_Information supplied_.
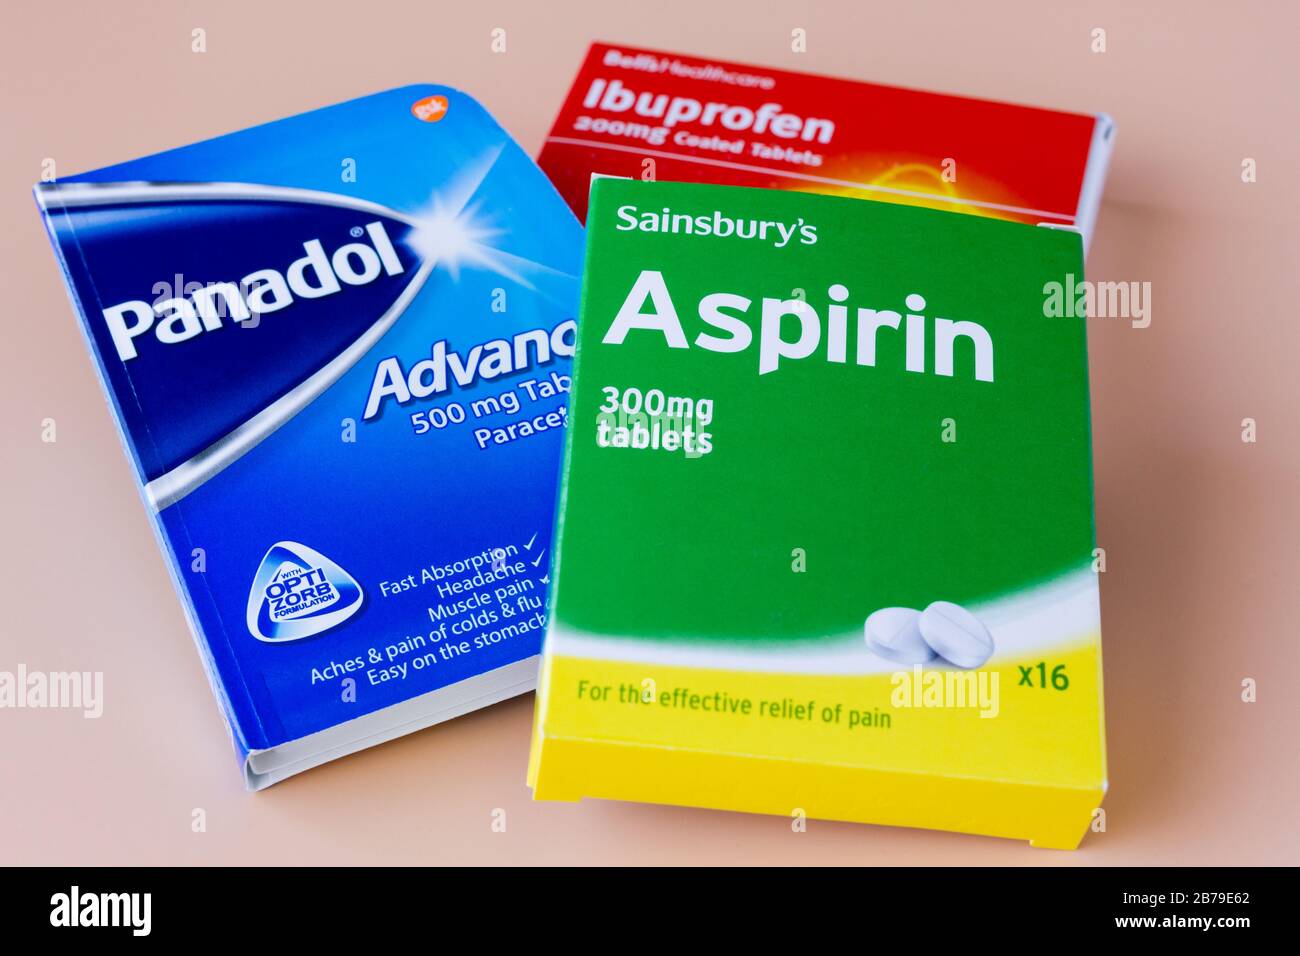 Commun sur le soulagement de la douleur contre, Panadol paracétamol, aspirine et ibuprofène. Royaume-Uni Banque D'Images
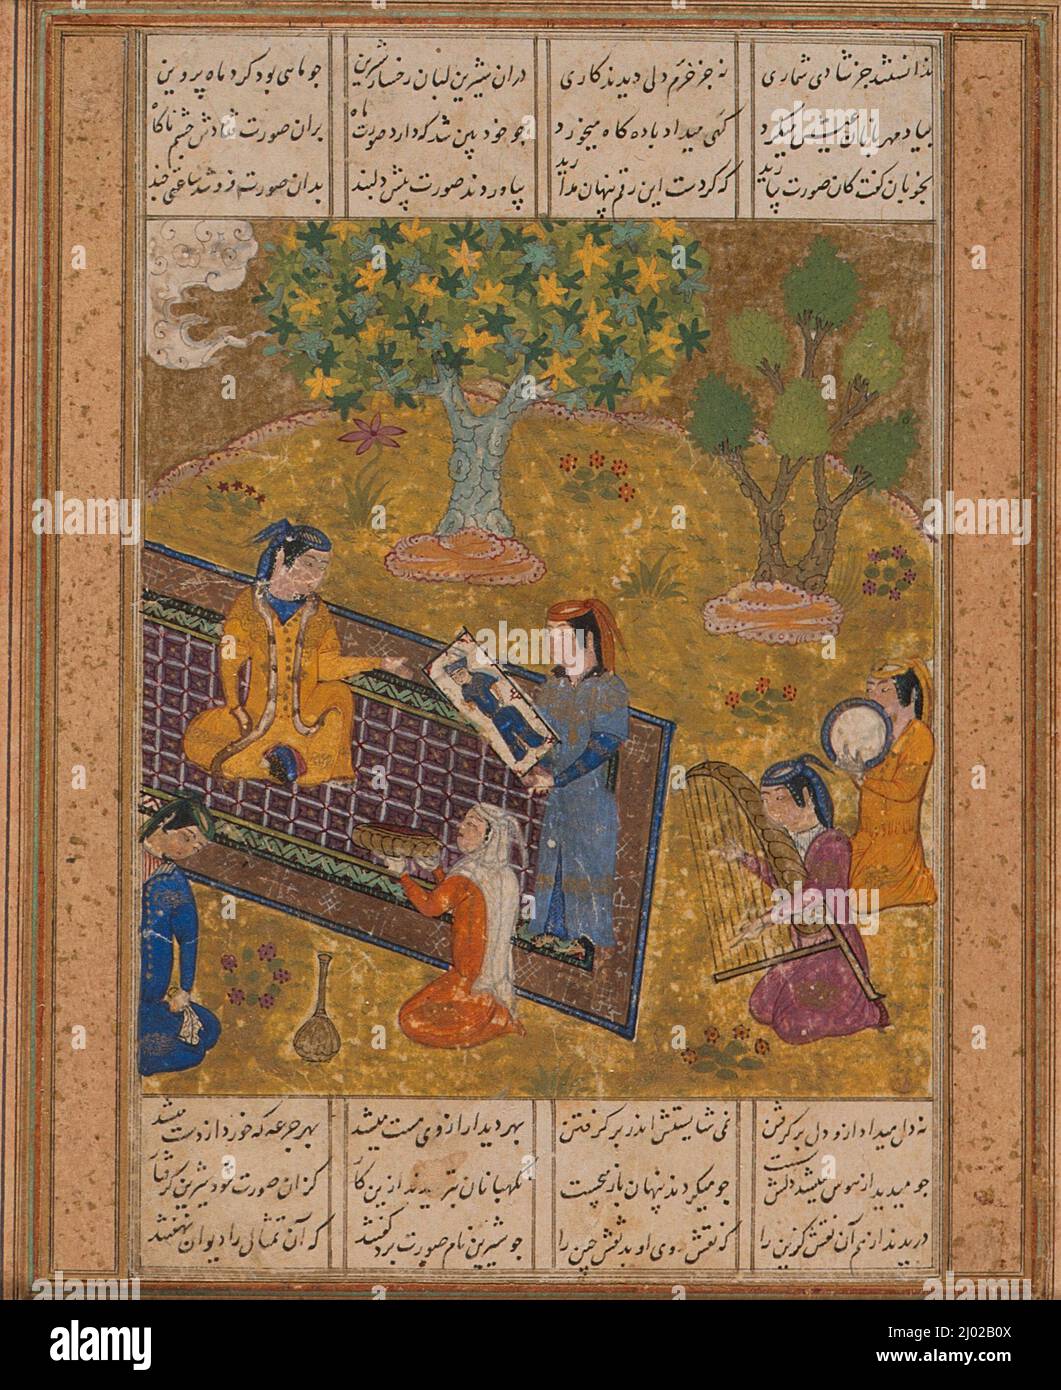 Shirin voit un portrait de KhusRAW, page d'un manuscrit du Khamsa (Quintet) de Nizami. Afghanistan, Herat, mi-15th siècle. Manuscrits; folios. Encre, aquarelle opaque et or sur papier Banque D'Images
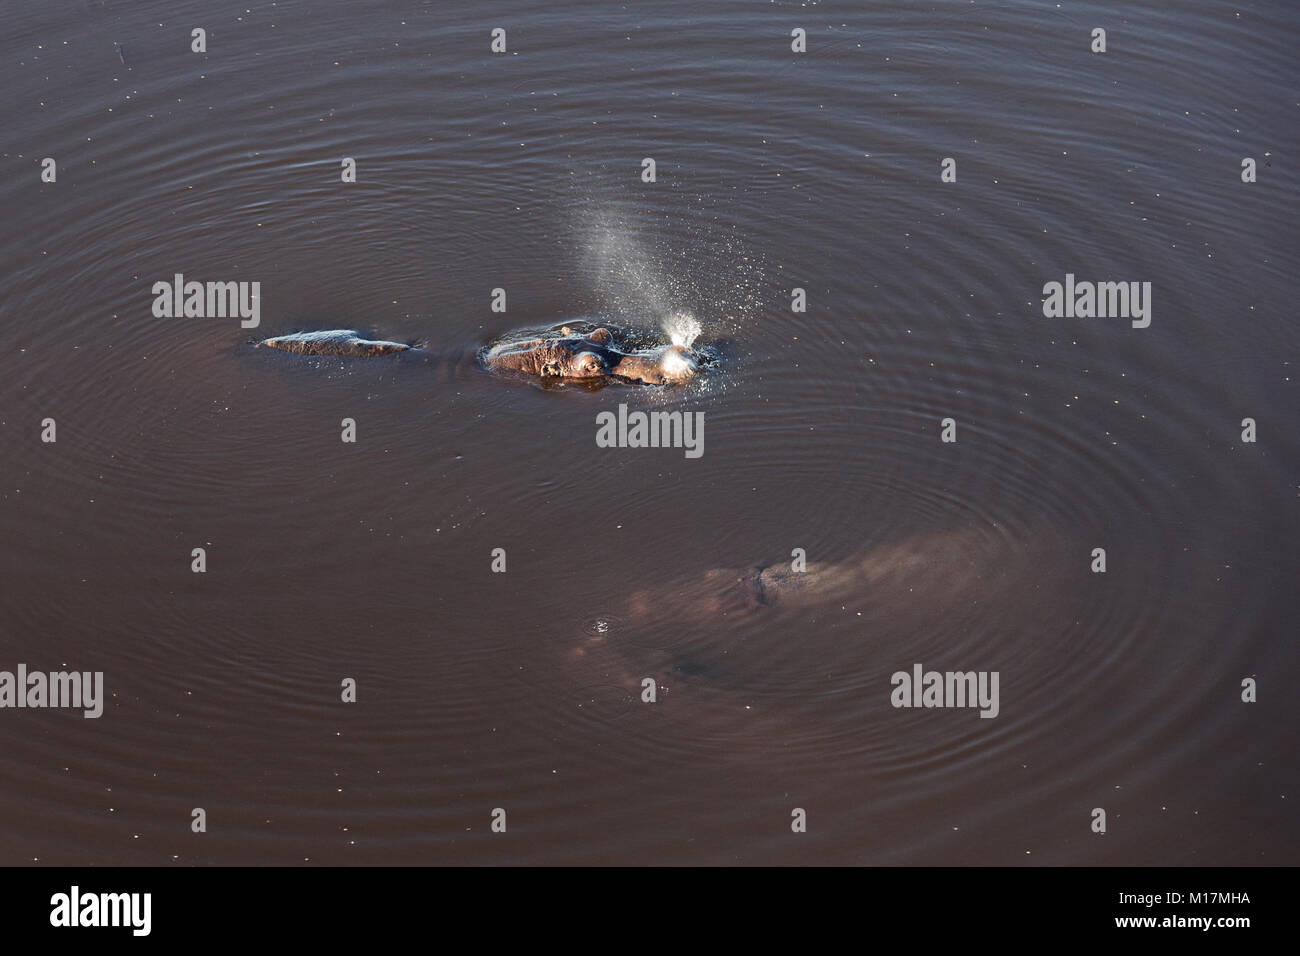 Hippo vu de dessus au cours de helicopterflight, Khwai, delta de l'Okavango au Botswana, pulvériser de l'eau à prendre dans l'air Banque D'Images
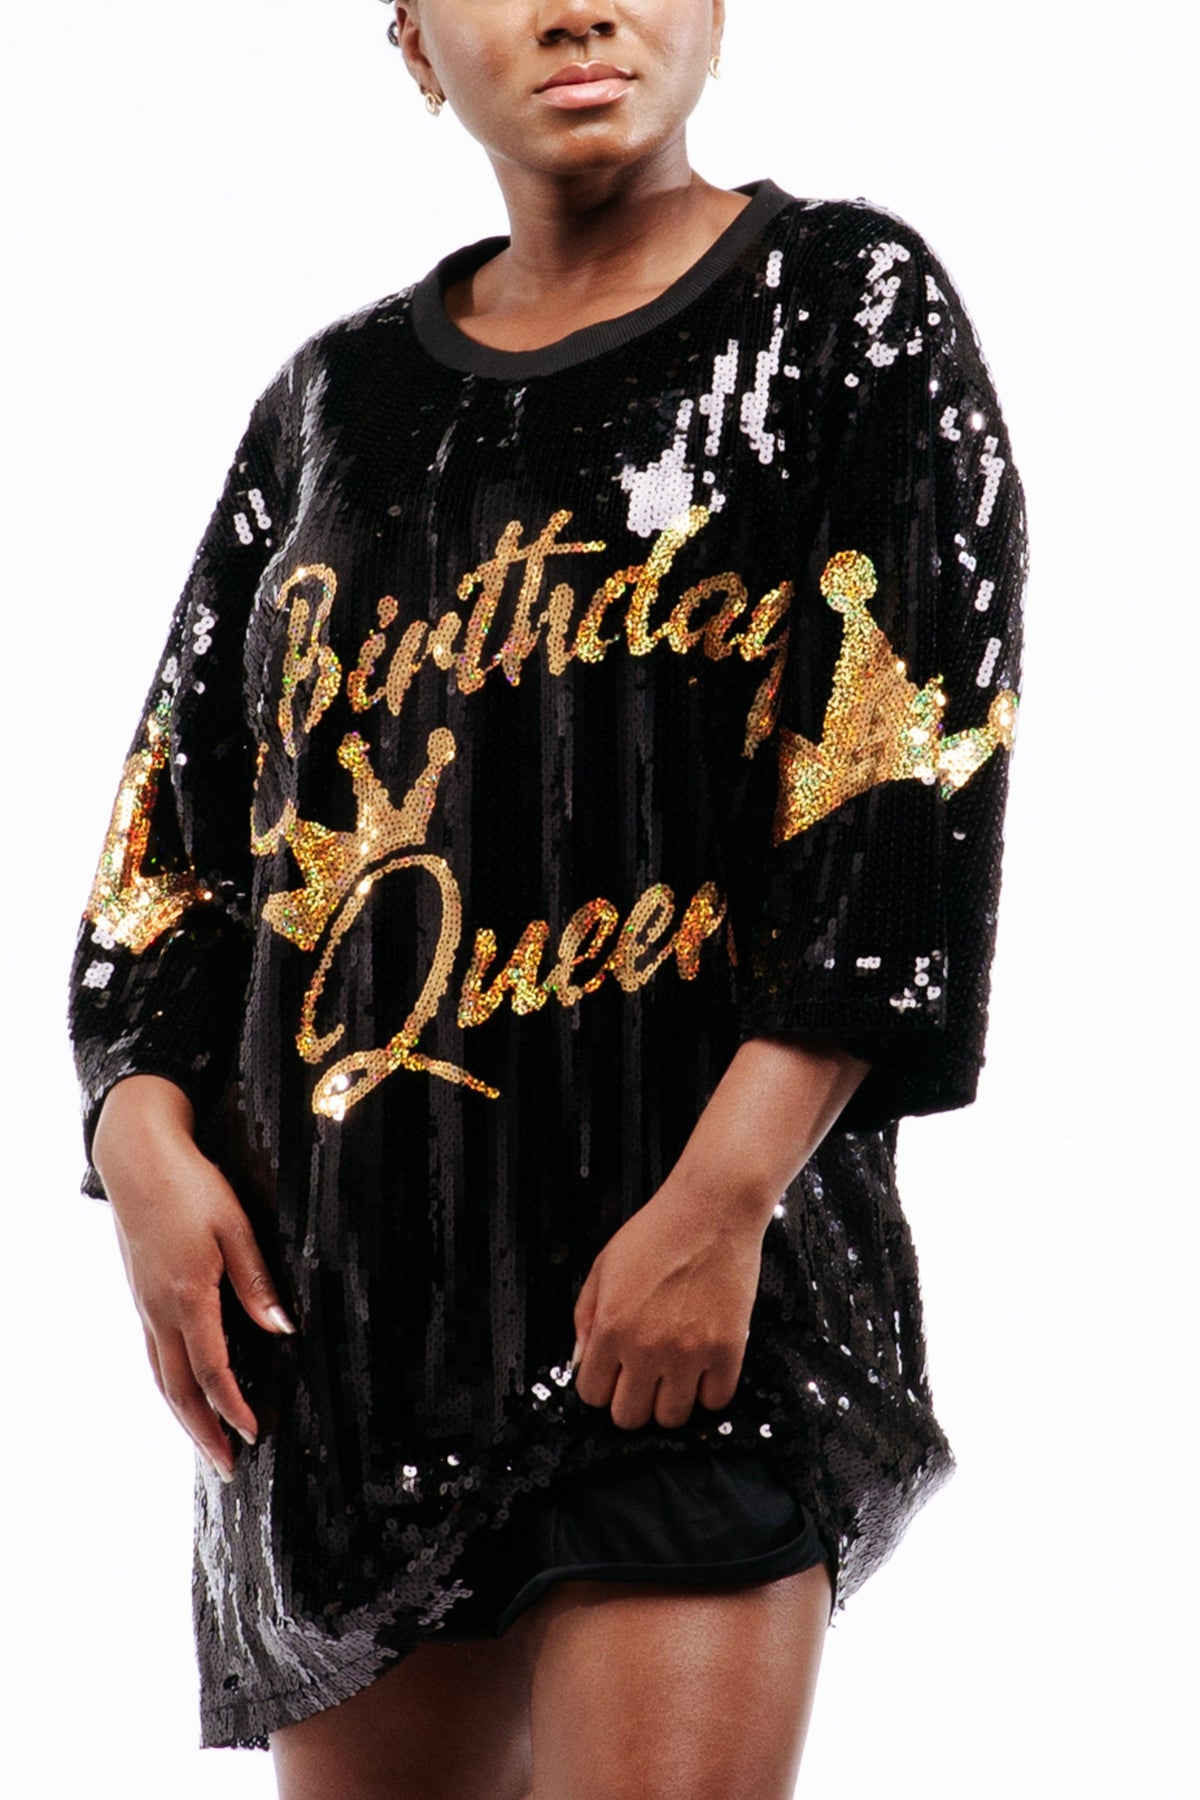 Birthday Queen Sequin Dress - Black - SEQUIN FANS

_Task prompt_.
What is wanted is an exact copy of the lines above from the one containing "Shirin voit un" through the one containing "Hippo vu de", with no pictures in it.

_Solution to the problem_.
 Shirin voit un portrait de KhusRAW, page d'un manuscrit du Khamsa (Quintet) de Nizami. Afghanistan, Herat, mi-15th siècle. Manuscrits; folios. Encre, aquarelle opaque et or sur papier Banque D'Images
 Hippo vu de dessus au cours de helicopterflight, Khwai, delta de l'Okavango au Botswana, pulvériser de l'eau à prendre dans l'air Banque D'Images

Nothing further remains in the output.